● DATA PROVIDED:
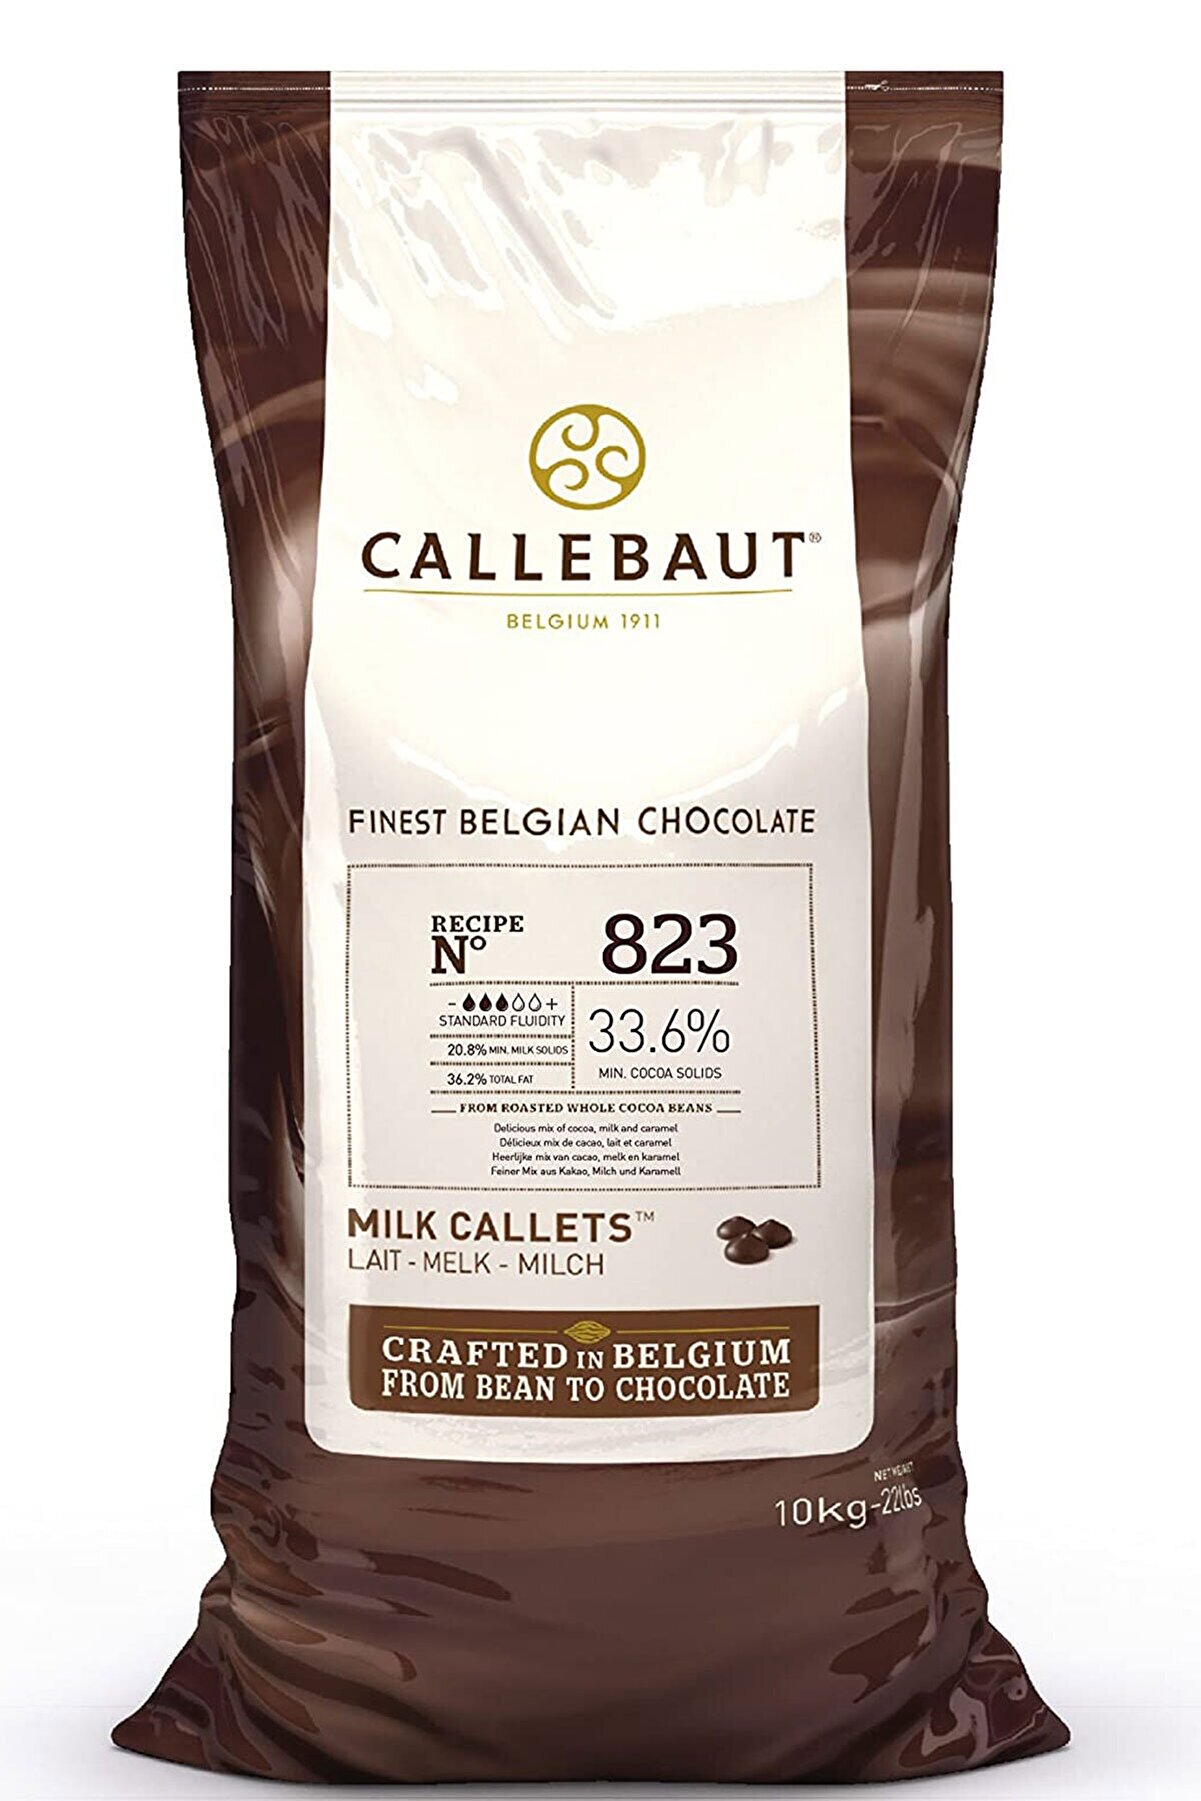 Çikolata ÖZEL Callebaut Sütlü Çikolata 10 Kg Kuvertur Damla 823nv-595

--

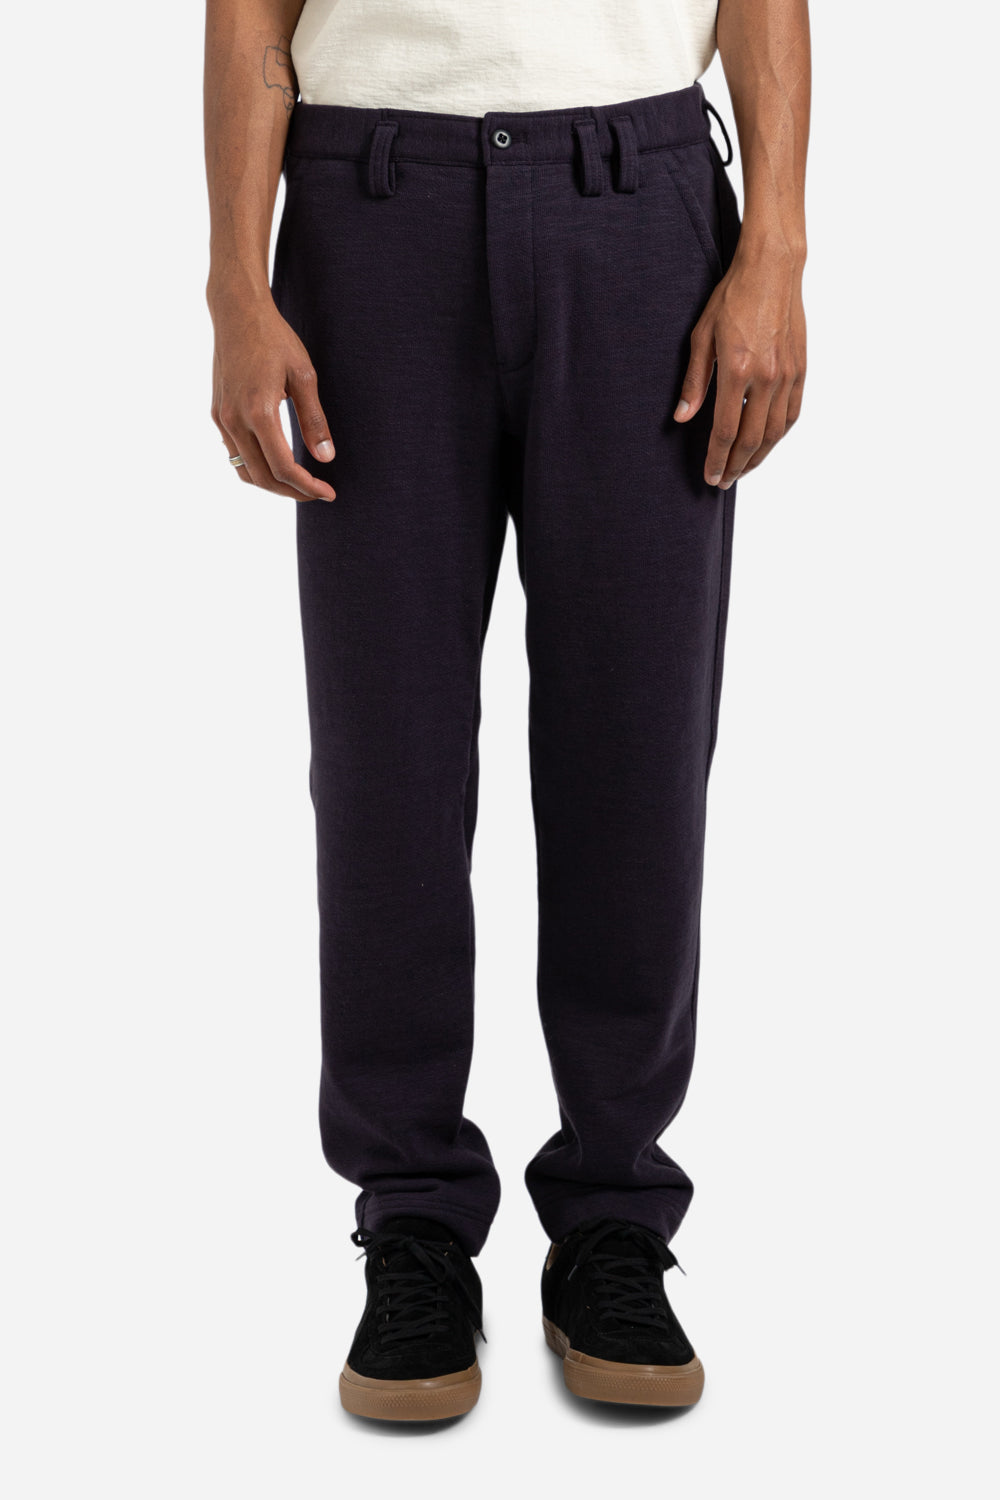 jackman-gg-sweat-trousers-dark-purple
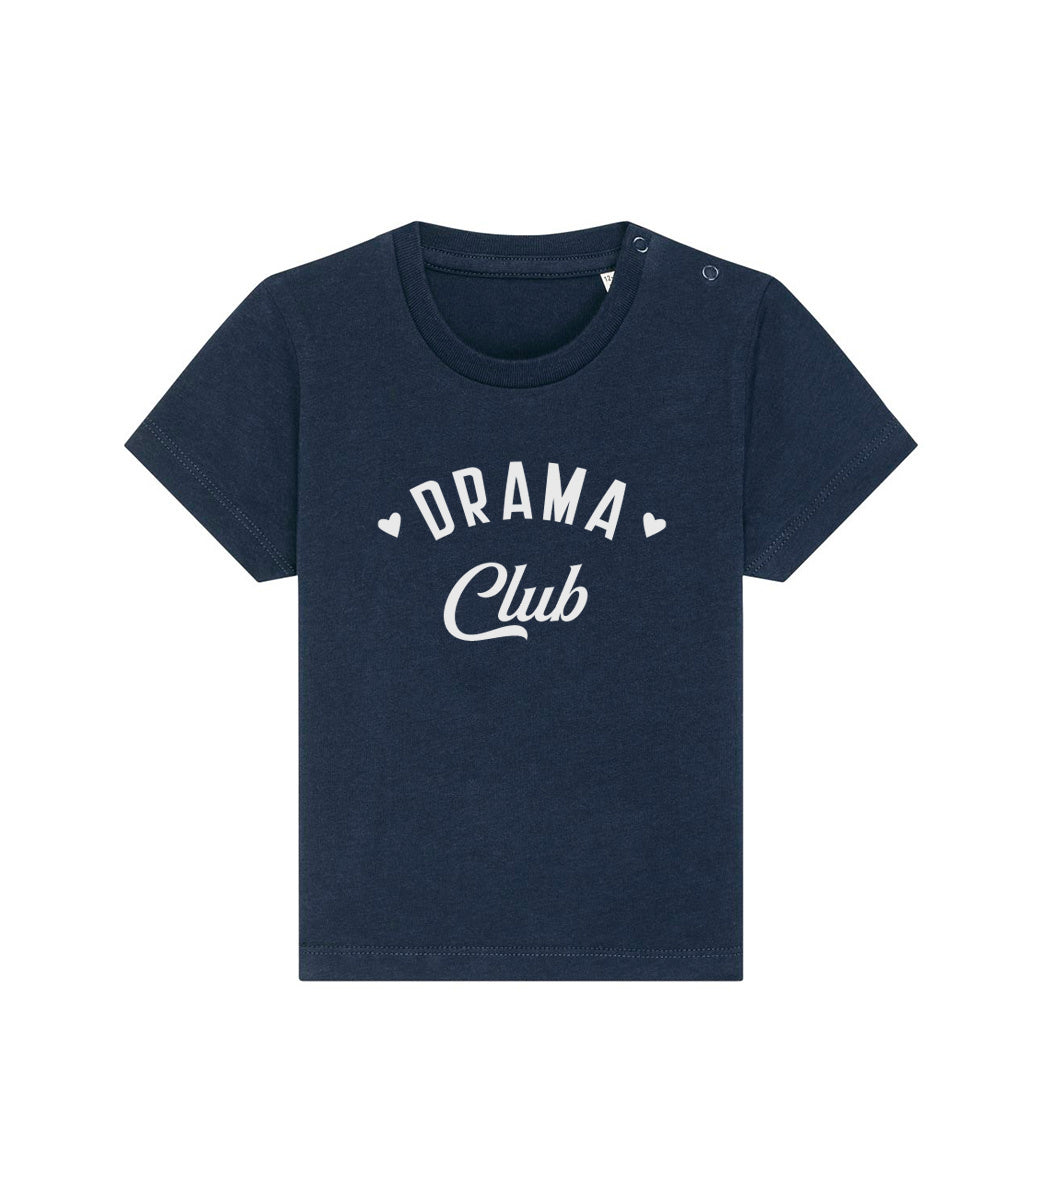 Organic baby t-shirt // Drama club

● TASK STATEMENT: Return the stretch of data that begins with the line showing "jackman-gg-sweat-trousers-dark-purple" and goes on through the line showing "Organic baby t-shirt // Drama club", exactly, with pictures removed.

● ANSWER TO THIS EXERCISE:
 jackman-gg-sweat-trousers-dark-purple
 Organic baby t-shirt // Drama club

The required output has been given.